Pedro also advised investors desiring to grow their wealth to look beyond Nigeria for investment opportunities. “My first offshore investment was when Goggle was listed in the stock exchange in United States of America. At that time its price was relatively low because it was the listing price,” Pedro said.
The best investment, according to Pedro, is an investment in one’s business. “There is no investment that is better than this because you are in the driver’s sit and the one running the business. If you discipline yourself you will grow that business because it is your life.”
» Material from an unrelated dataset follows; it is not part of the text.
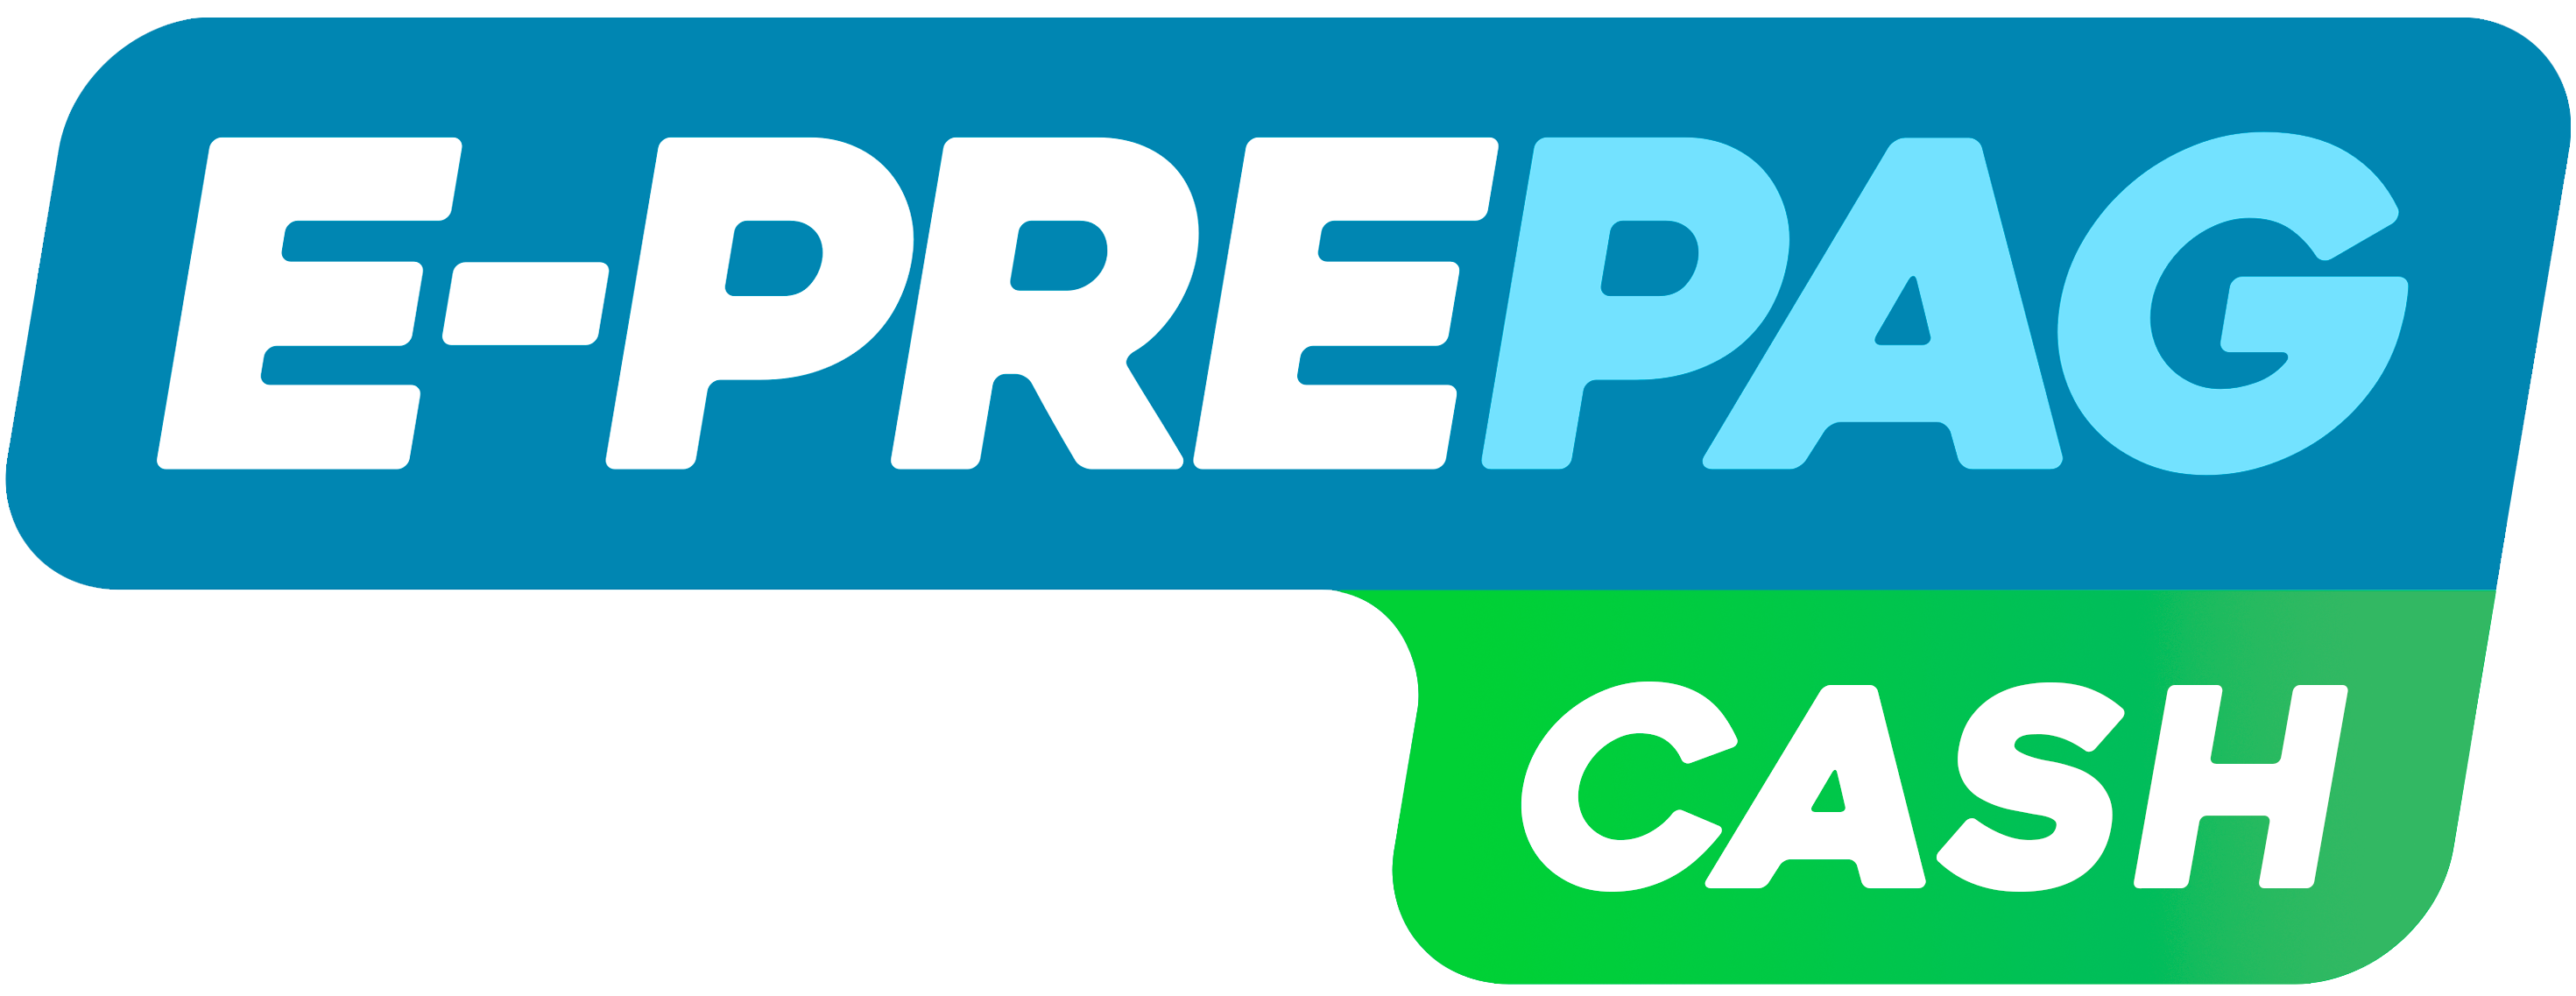 E-Prepag Cash

He said that universities in the country should be turned to centres of innovations that could replicate the successes of foreign universities that put new products into the market. “The internet we are using today came from Stanford University, California. You can see how important higher education is,” he said.
Pedro said that he joined politics because, “I saw it as a bigger and higher calling. But the issue of election and succession is really very different from the corporate environment. One needs to attend a special university to learn the master class of politics. I felt devastated and crushed when I failed to become governor that I thought the end has come.”